By Jeffrey A. Roberts
CFOIC Executive Director
The Colorado Independent Ethics Commission, which investigates allegations of ethical misconduct involving public officials, is writing its own rules of access to public records that differ in many respects from the Colorado Open Records Act.
IEC Executive Director Dino Ioannides said the commission does not consider itself subject to CORA, primarily because it is housed in the state’s judicial branch. The IEC is not included in records access rules adopted by the Colorado Supreme Court in 2015 so it has been operating without a written set of records regulations, he added.
“We need something that applies to us that says the public has access to information,” Ioannides told the Colorado Freedom of Information Coalition. “This is about saying the public has access to information in the IEC context.”
But the proposed new rules, which are posted on the commission’s website, have some wondering how the commission can exempt itself from Colorado’s public records laws.
“They are inviting a lawsuit over this,” said Luis Toro, who ran Colorado Ethics Watch, a nonprofit that closely monitored the IEC for several years before shutting down at the end of 2017.
Deputy Secretary of State Suzanne Staiert said the IEC is on “shaky legal ground and shaky ground from a policy perspective.”
“A lot of agencies have rule-making authority,” she said, “but that doesn’t mean you can promulgate rules outside of the law. Rules are promulgated to add clarity or to make administration more effective, but not to override statutes.”
Toro, in an email to the CFOIC, wrote that the IEC is incorrectly interpreting a 2016 Colorado Supreme Court ruling to mean that “the legislature has no authority over them whatsoever, so CORA would not apply … I think this is reading too much into a decision that was about a law the legislature passed specifically related to the ethics commission, not one of general applicability.”

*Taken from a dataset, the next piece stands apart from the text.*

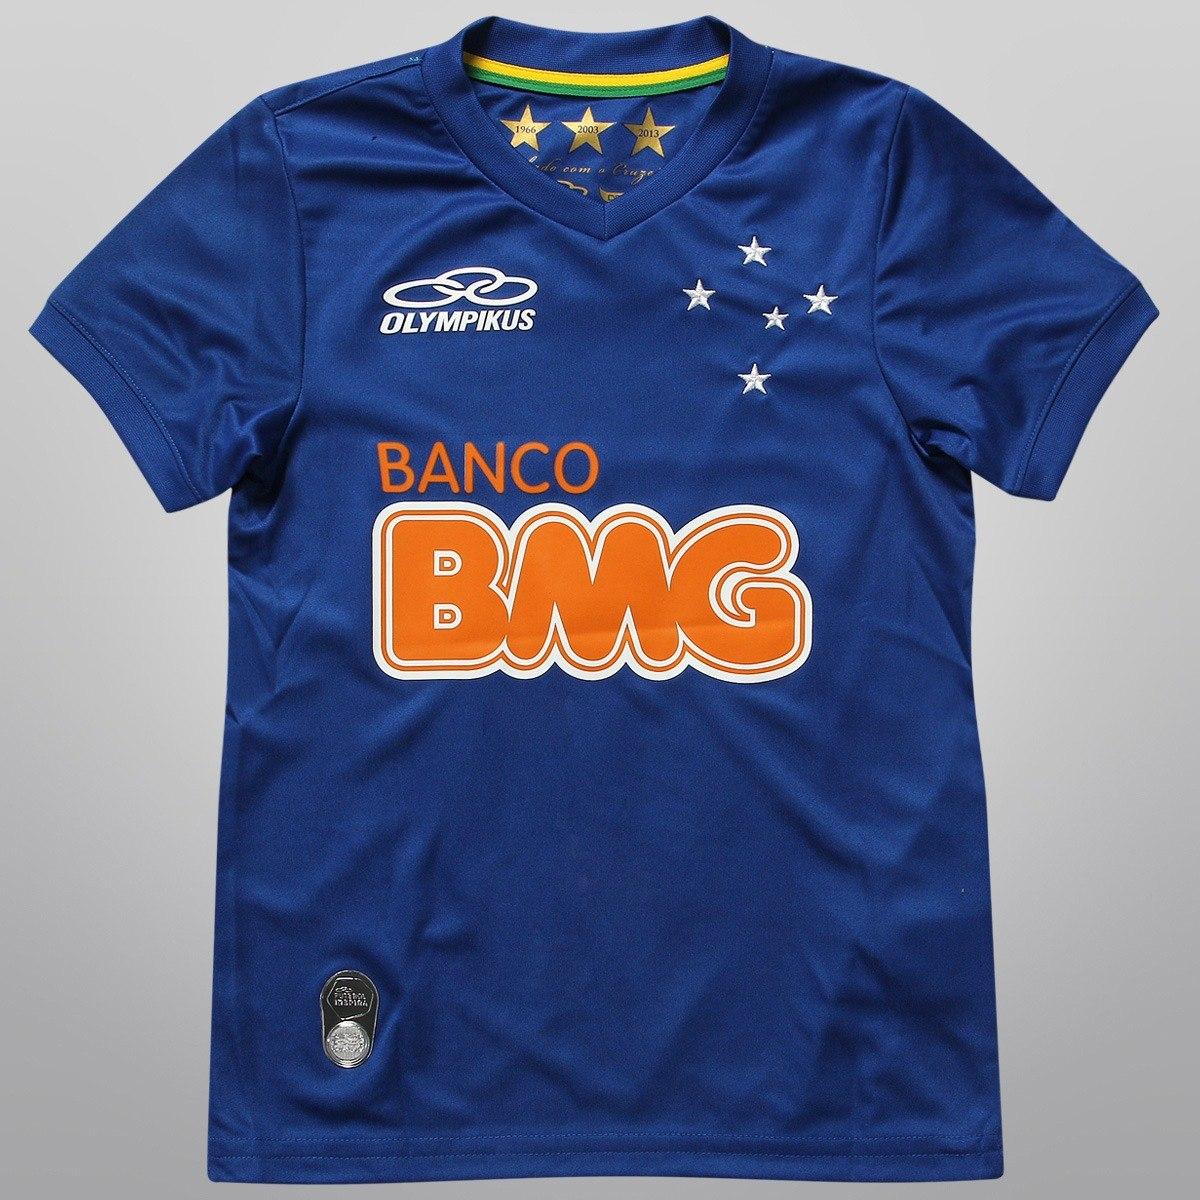 camisa infantil cruzeiro original 2014. Carregando zoom. 889e60d357d22

That case, in which Colorado Ethics Watch sued the ethics commission, pertained to whether complaints dismissed as frivolous by the IEC are subject to judicial review. The Colorado Supreme Court determined that a judicial review provision in state law “does not apply to frivolity dismissals.”
Ioannides acknowledged that the ruling did not address whether IEC is subject to CORA, but “it was interesting how the court treated us. We’re a constitutionally created entity, not a state agency.”

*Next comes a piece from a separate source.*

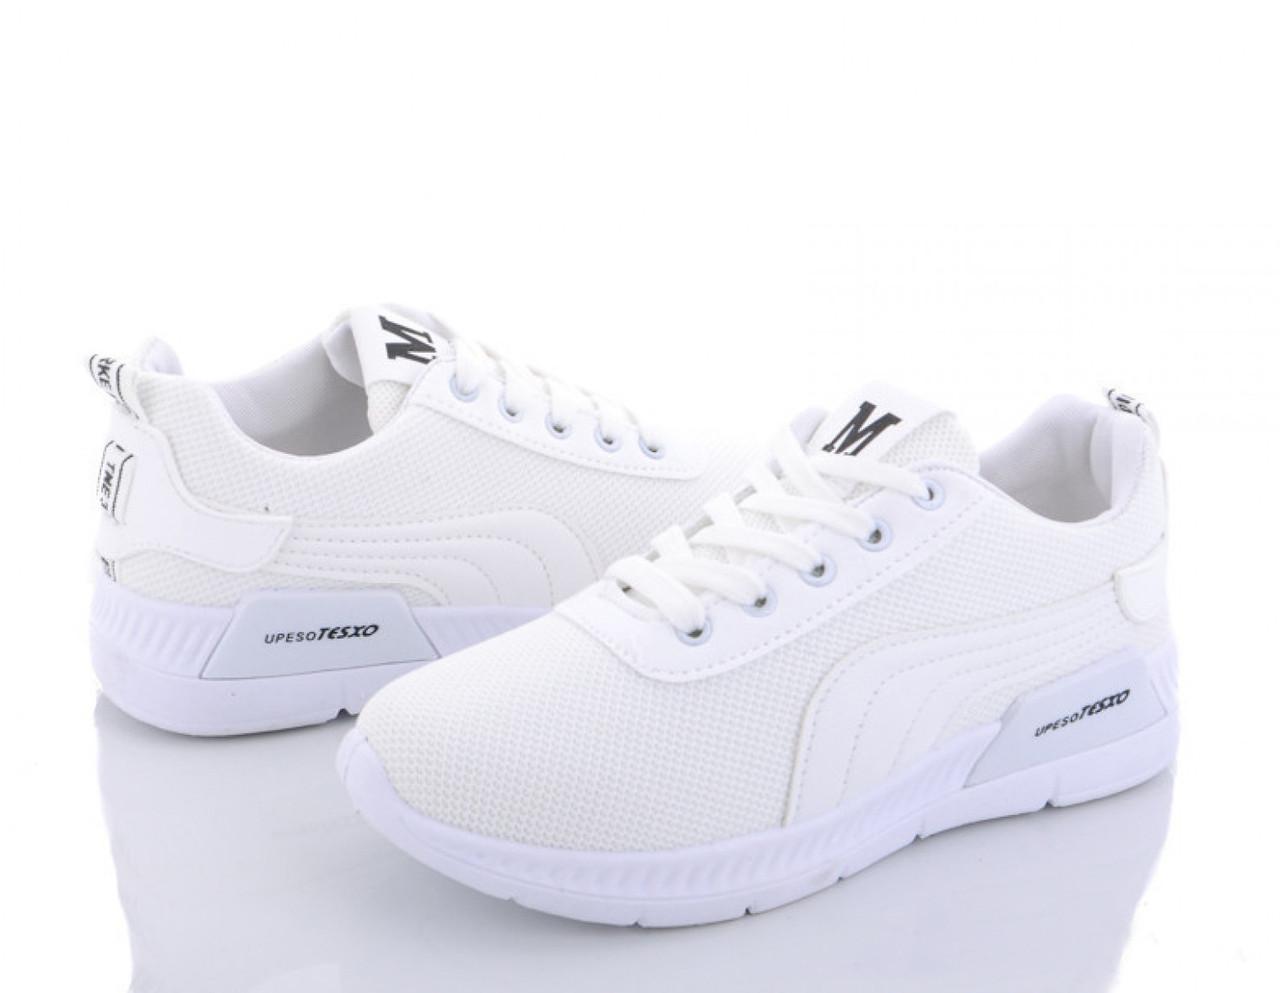 Женские белые кроссовки из плотной сетки MFashion Upeso Tesxo 38 р. - 23 см (1173687649)

Colorado voters added the ethics commission to the state constitution when they passed Amendment 41 in 2006. Originally placed in the Colorado Department of Personnel and Administration, the IEC moved to the judicial department in 2010 as part of House Bill 10-1404.
The previous year, in an earlier case filed by Colorado Ethics Watch, a Denver District Court judge declared that “the IEC is subject to CORA.” But in 2012, Ioannides noted, the Colorado Court of Appeals ruled that Colorado’s judiciary is not a state agency “for the purposes of CORA.”
Because the IEC by then was in the judicial branch, “I would read the Denver District Court case in that light,” he said.
But Staiert said the IEC “is not in the judicial branch. They’re just housed there.” The Colorado Supreme Court’s administrative records rules specifically say the judicial branch “does not include” the IEC, she noted.
Ioannides cited a comment in those Supreme Court rules, that the IEC “is an independent and autonomous constitutional entity,” as additional evidence that the commission has the authority to write its own records access regulations.
Staiert, however, pointed out that the Colorado Secretary of State is also a constitutional entity and it is covered by CORA.
The proposed IEC records rules are more restrictive than CORA in some ways. For example, they allow the commission’s records custodian to determine whether records “will be provided in print or electronic format” in response to a request. That conflicts with a CORA amendment, signed into law in 2017, entitling requesters to public records in “sortable” or “searchable” formats if the records are kept that way.
The proposal also would allow a denial of records if disclosure “could compromise the safety or security” of an IEC employee or commissioner, a provision (not in CORA) that could be interpreted broadly.
“It’s distressing that the IEC is focusing its limited resources on trying to operate in more secrecy when they should be focused on giving clearer guidance to covered persons though regulations and on processing complaints more quickly and thoroughly,” Toro said.
The proposed IEC rules, drafted by the commission’s legal counsel, note several places where they differ from CORA. “Many deviations … reflect the unique nature of the records and operations” of the ethics commission, the document states.
Ioannides highlighted one such difference, which would allow him to extend the deadline for responding to records requests made while he’s preparing for an upcoming commission meeting. “We have one staff member – me,” he said. “I prepare the commission’s agenda. I take out the trash. The staff of the commission has to take care of the commission’s business.”
The IEC is asking the public to submit written comments on the proposed rules by Jan. 31. The commission is scheduled to consider the comments at its Feb. 12 meeting.